Normally we lead groups of volunteers into the park to plant trees and remove invasive plants. It’s right there in our name: Wissahickon Restoration Volunteers. How can we restore the Wissahickon without those volunteers? What can we still accomplish given the constraints of social distancing?

The solution we came up with is the One Tree at a Time initiative. The way it works is simple:

  1. First, WRV leaders map out areas of the park that need attention, and procure appropriate trees to be planted in these locations.
  2. Next, a leader leaves a tree in a container on a particular site.
  3. Then, another WRV member travels to the site, plants the tree, and spends some time removing invasive plants growing in the area.

So far we have used this method in three separate areas: around Historic Rittenhousetown (see below), along Kitchen’s Lane, and at Hermit’s Cave.

A Tree Grows in Rittenhousetown

On a cool May morning, intrepid WRV board member Chris Richter arrives on the site to find a small red oak tree in a container placed by WRV President Steve Jones.
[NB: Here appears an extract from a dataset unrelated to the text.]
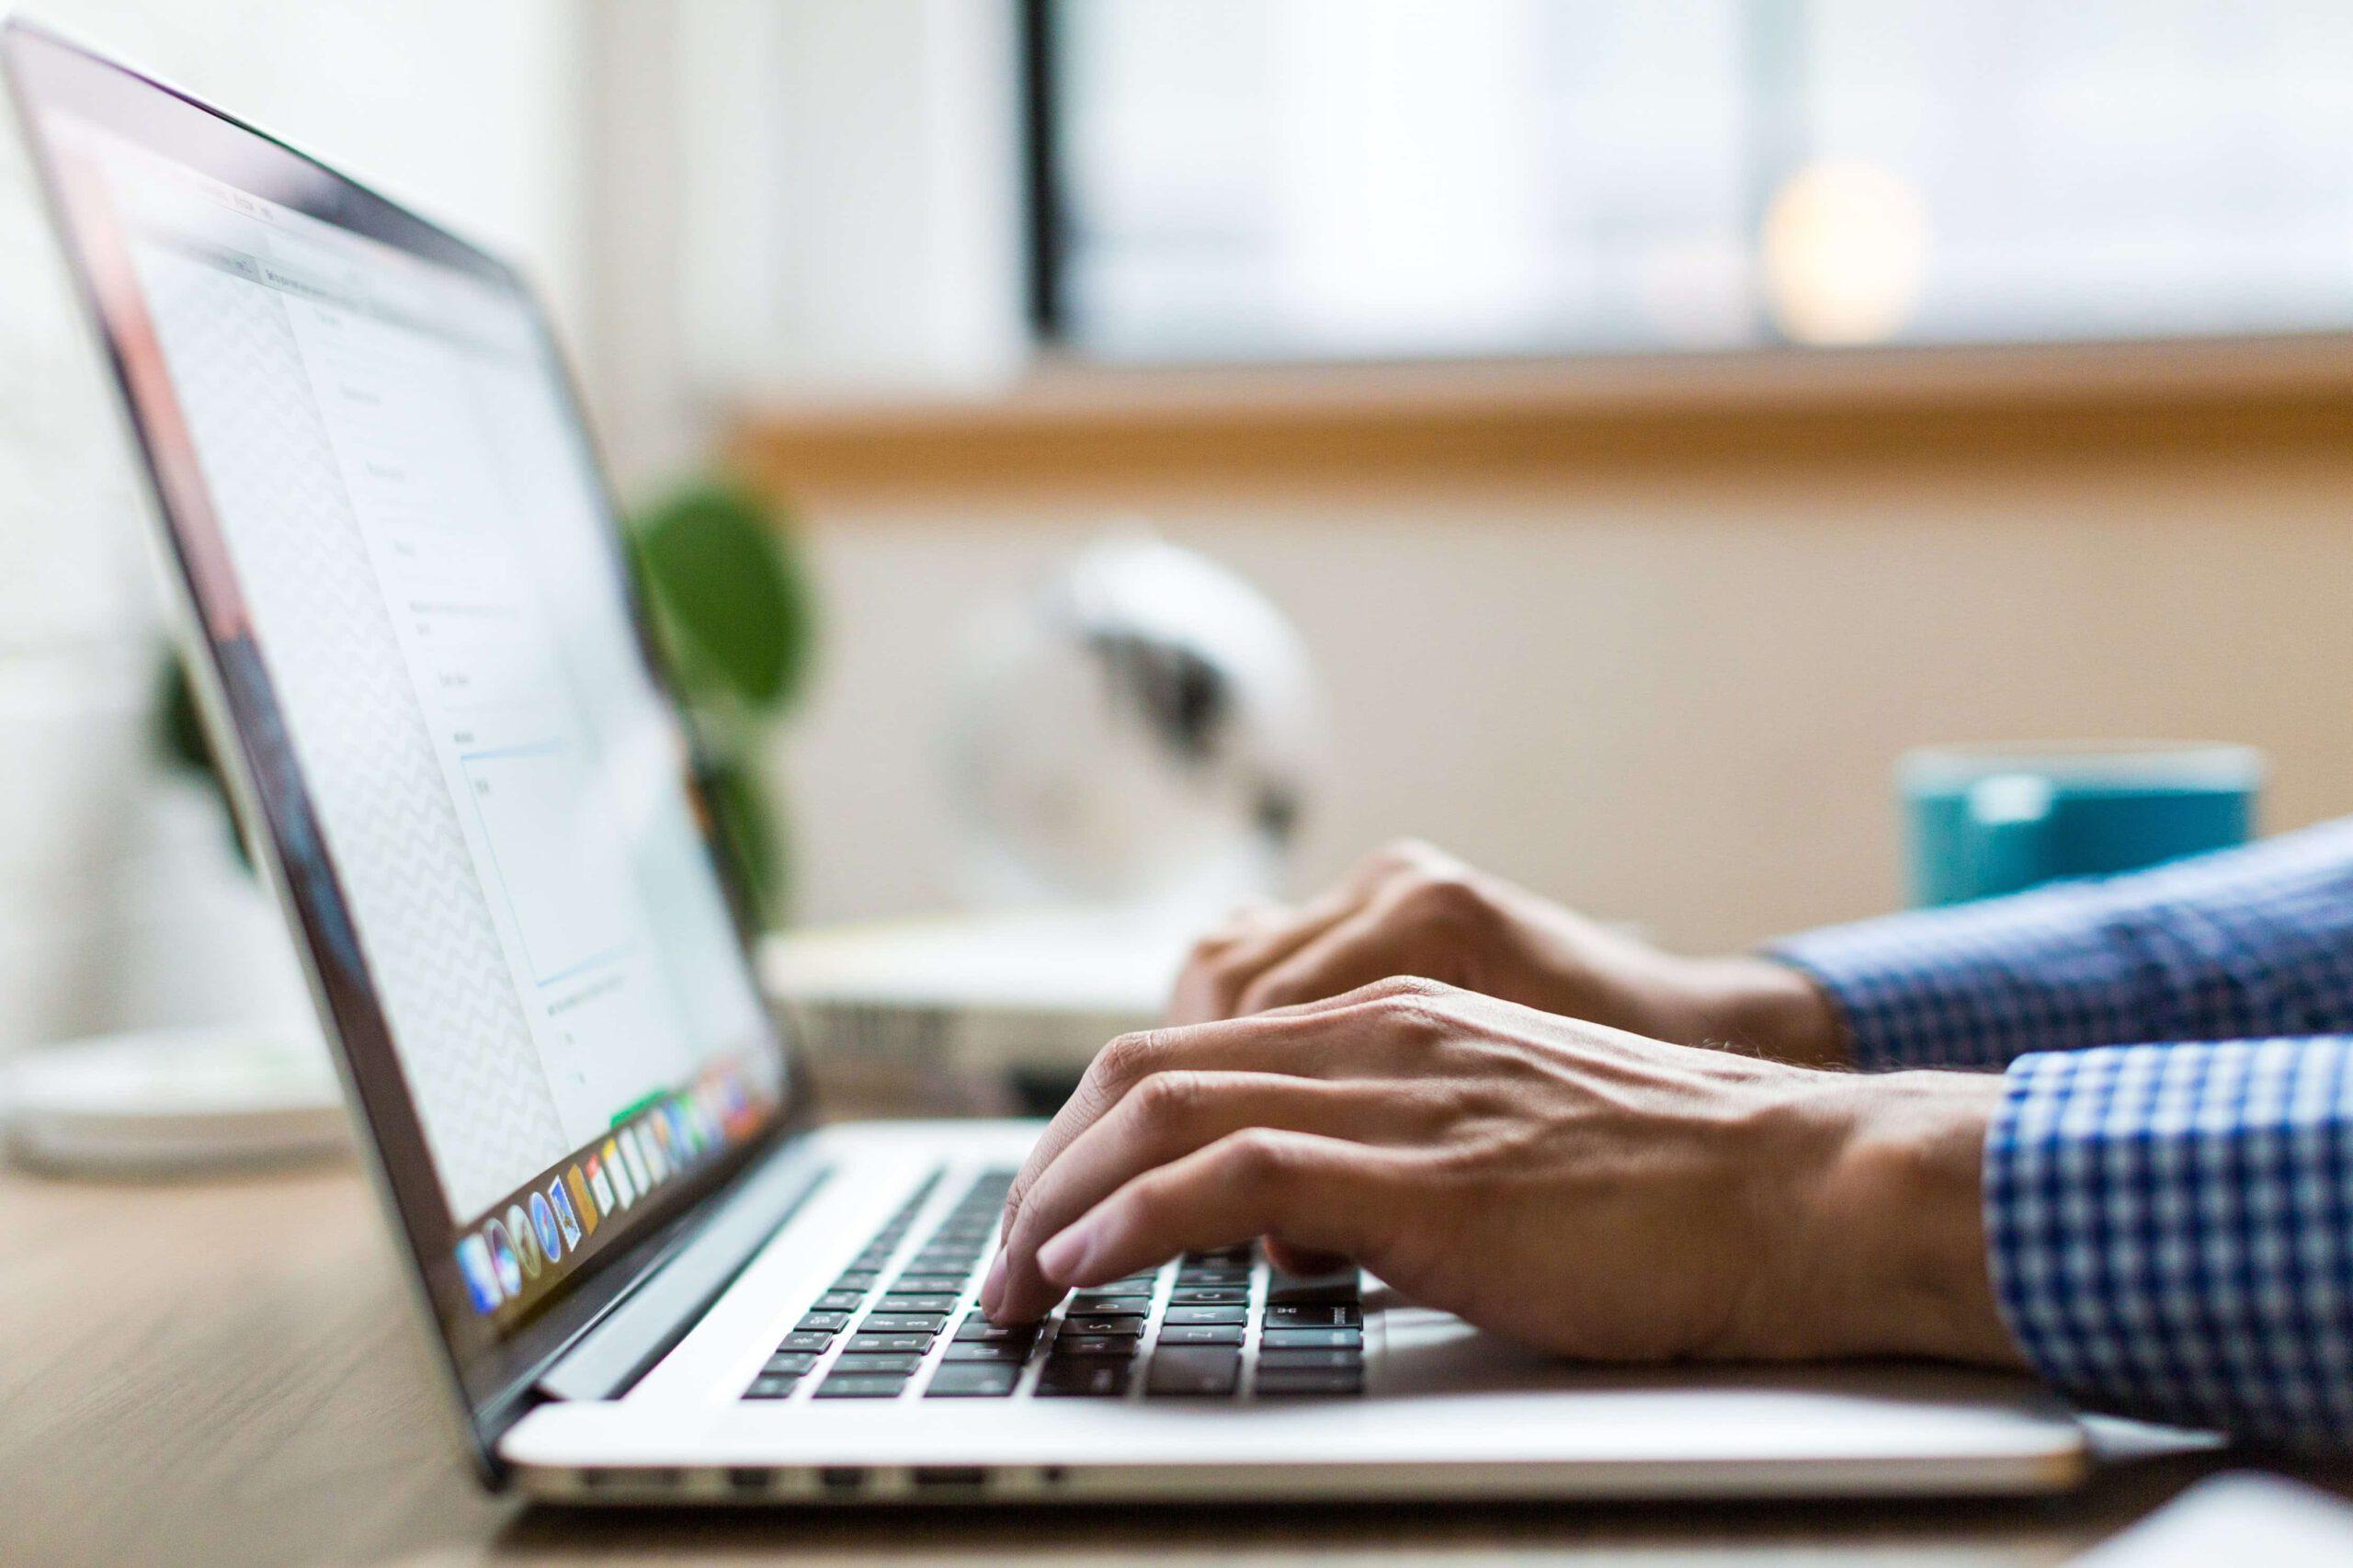 Hoe kies je een goede laptop of computer?

Note the plethora of knotweed all around.

After working up a sweat clearing the immediate area of knotweed (and shedding some layers), Chris prepares a new home for the oak.

Note that it is okay to bring a lockdown buddy with you. Here, Chris’ daughter Gracie cheerfully cuts back knotweed.

The red oak is in the ground and has some breathing room with the knotweed cleared.

Restoring the Wissahickon One Tree at a Time

The One Tree at a Time initiative allows WRV to continue our mission of restoring the Wissahickon by safely venturing into the park to plant trees and remove invasive plants, as well to gather data and check on previous restoration projects from years past.